Not every patient is a good candidate for these procedures and techniques. Your radiation oncologist will talk to you about whether any of these options are right for you:
|Procedure or technique||How it works||Used to treat|
|Respiratory gating||This technique synchronizes radiation therapy with a patient's breathing for cancers in organs that move when you breathe. The radiation beams turn on and off to deliver radiation only during certain points in a patient's respiration cycle.||Breast cancer, liver cancer, lung cancer|
|Prone breast irradiation||The patient lies on her stomach so that her heart and lungs are less exposed to radiation during treatment.||Breast cancer|
|Accelerated breast irradiation||This type of whole breast irradiation cuts treatment time in half and gives the same benefits. Accelerated partial breast irradiation can help preserve the breast.||Early-stage breast cancer|
|Deep inspiration breath hold||This technique helps minimize the amount of radiation exposure to the heart — while not affecting the amount delivered to the tumor — during treatment.||Cancers in the left breast|
|Image-guided radiation therapy (IGRT)||For this technique, your radiation therapy team images the tumor before every treatment so they can deliver a higher dose of radiation more percisely to the tumor. IGRT can adjust for changes in the patient's position as well as tumor changes throughout treatment. Doctors at Rush deliver IGRT using the TomoTherapy Hi-Art and Varian Trilogy systems.||Brain cancer, breast cancer, head and neck cancers, lung cancers, prostate cancer, sarcomas|
Why choose Rush for radiation therapy
- Specialized expertise: Because radiation oncologists at Rush focuses on treating specific forms of cancers, they have a better understanding of treatment nuances for these types of cancer.
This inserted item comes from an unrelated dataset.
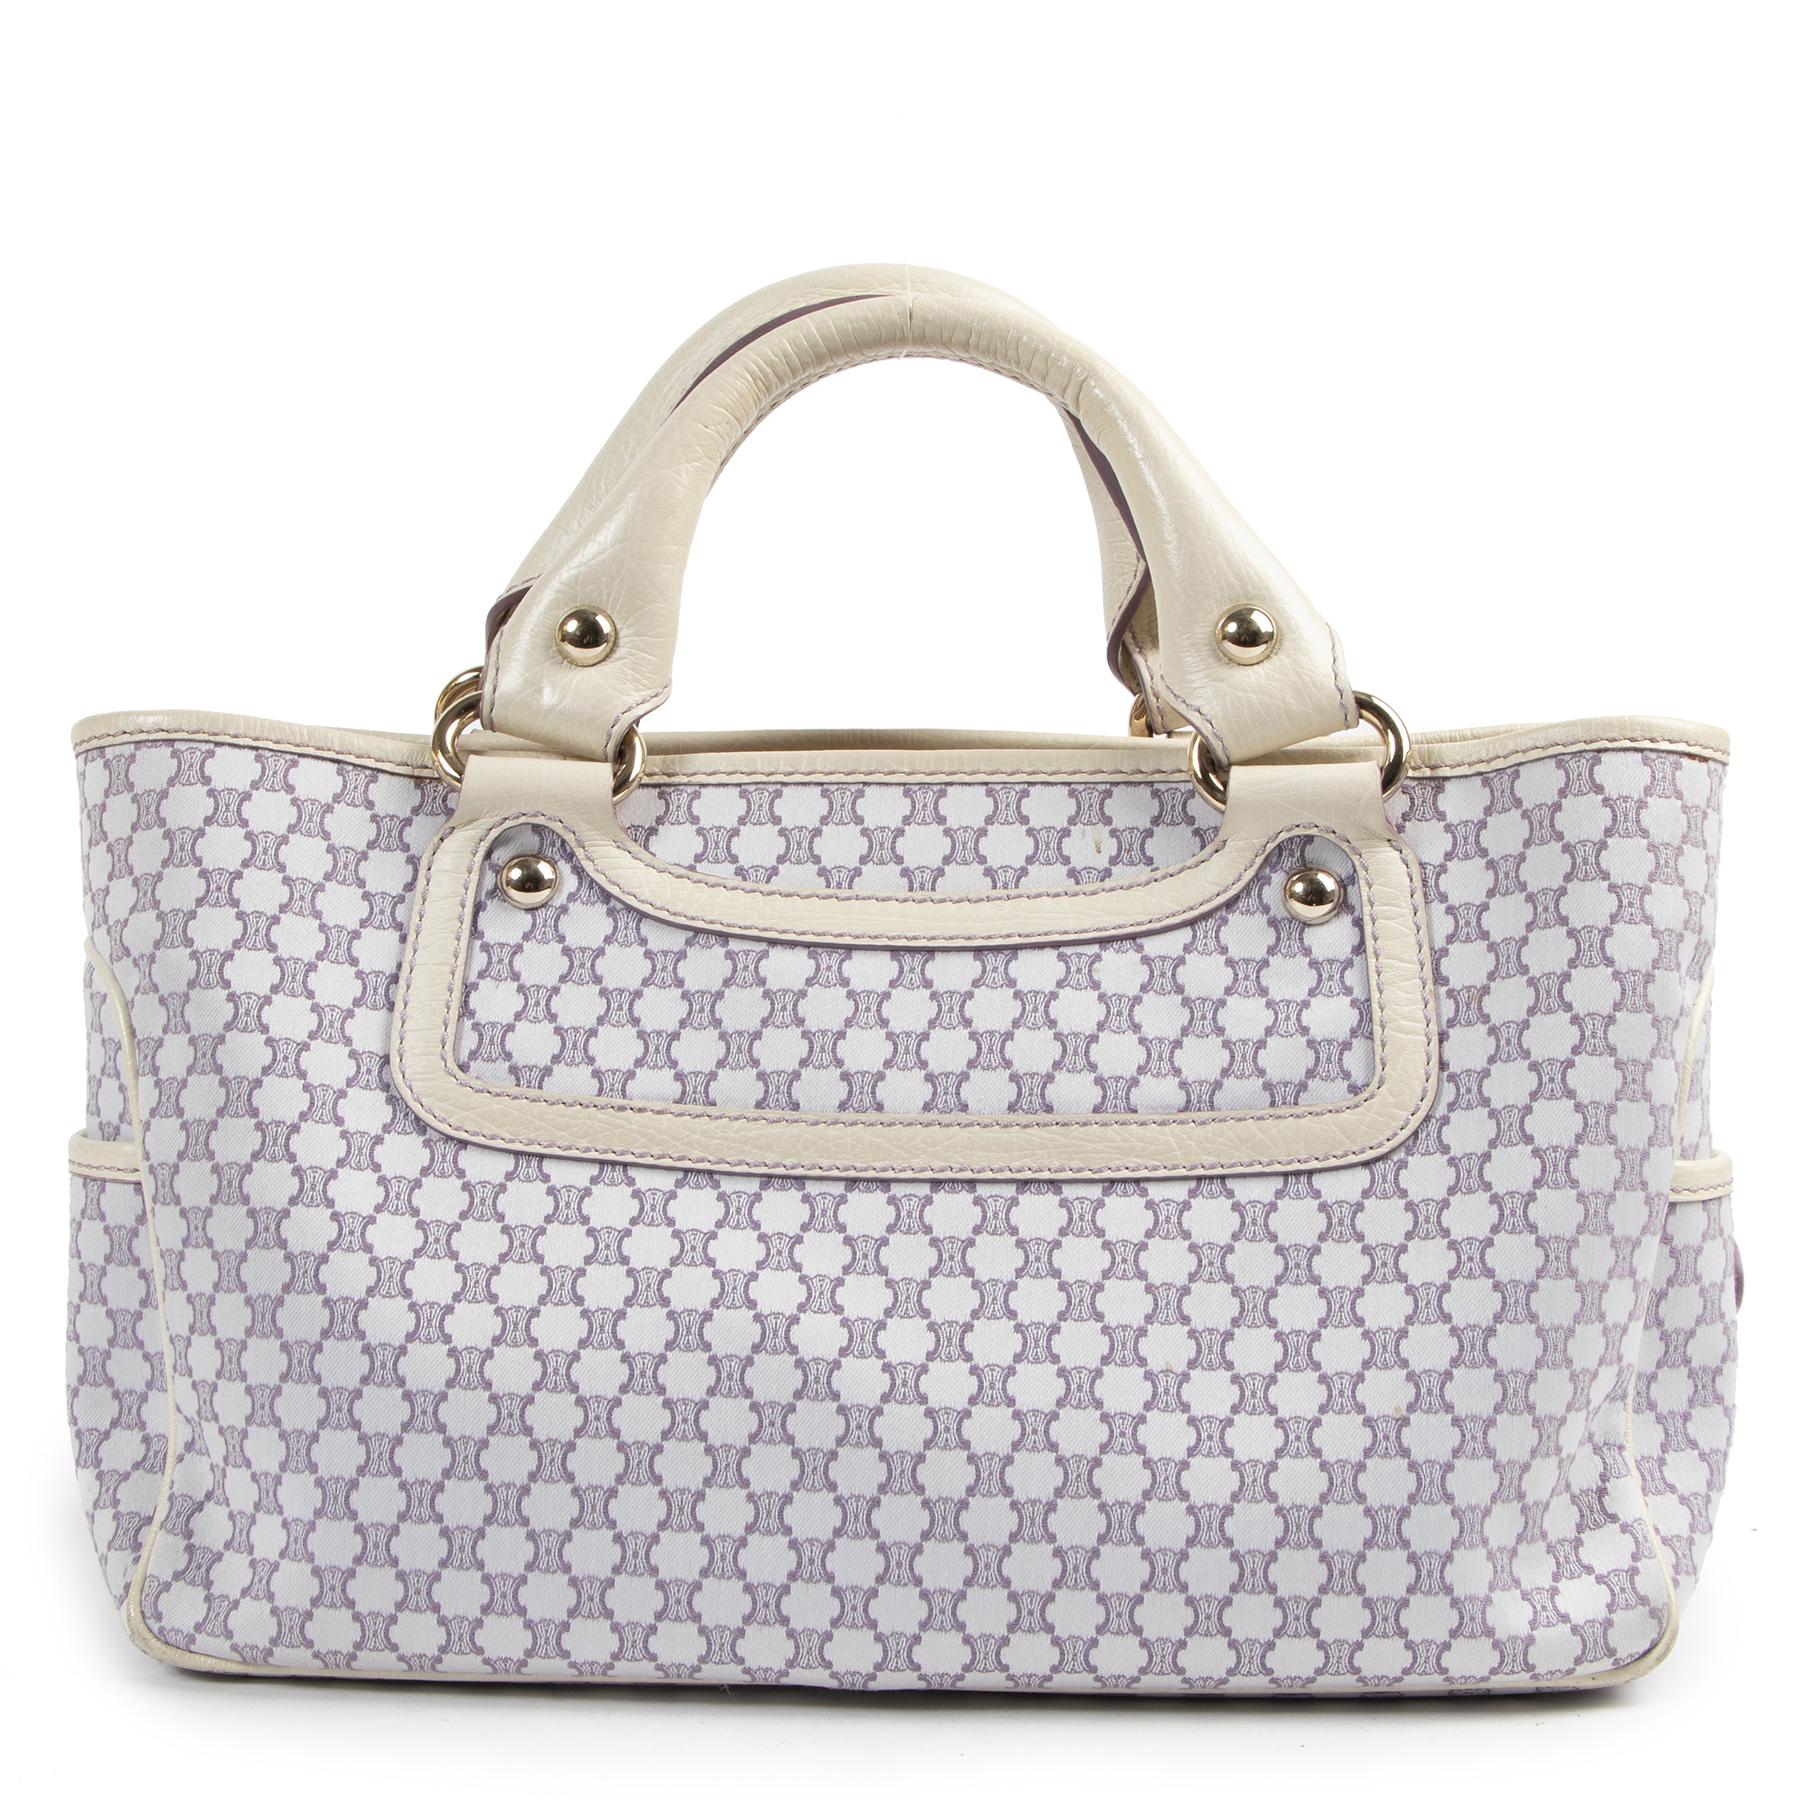 Authentic secondhand Celine bags luxury vintage designer brands webshop LabelLOV safe secure online shopping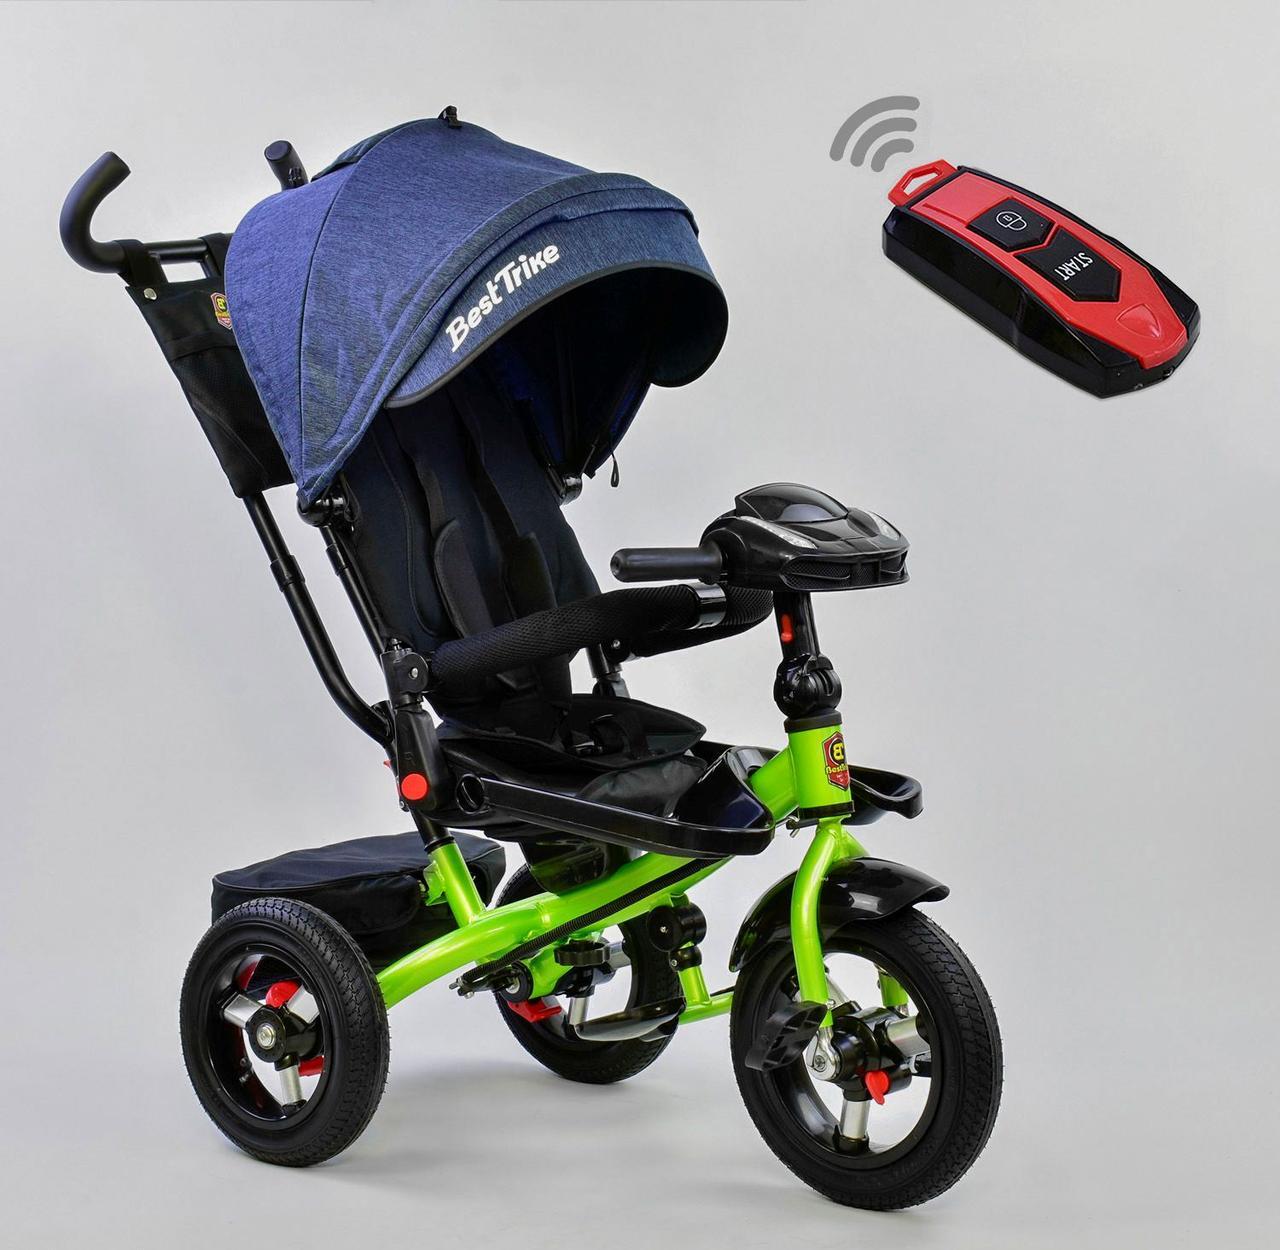 Bелосипед трехколесный Best Trike 6088 F - 1780 с надувными колесами Джинс 75096

- Innovative treatments: Radiation oncologists at Rush are committed to using techniques that help eliminate cancers while sparing healthy tissues, such as deep inspiration breath hold for left-sided breast cancer and hippocampal-sparing brain radiotherapy for brain cancers. Rush is also one of the few centers in the Midwest to offer intraoperative radiation therapy (IORT) for breast cancer.
- Accredited care: The Rush University Cancer Center received the Outstanding Achievement Award from the American College of Surgeons' Commission on Cancer in its most recent survey. Rush has received this triennial award all four times since the award was created in 2004. The prestigious award recognizes programs that excel in providing quality cancer care.
- Nationally recognized program: Cancer services at Rush are ranked among the best in the country by U.S. News & World Report.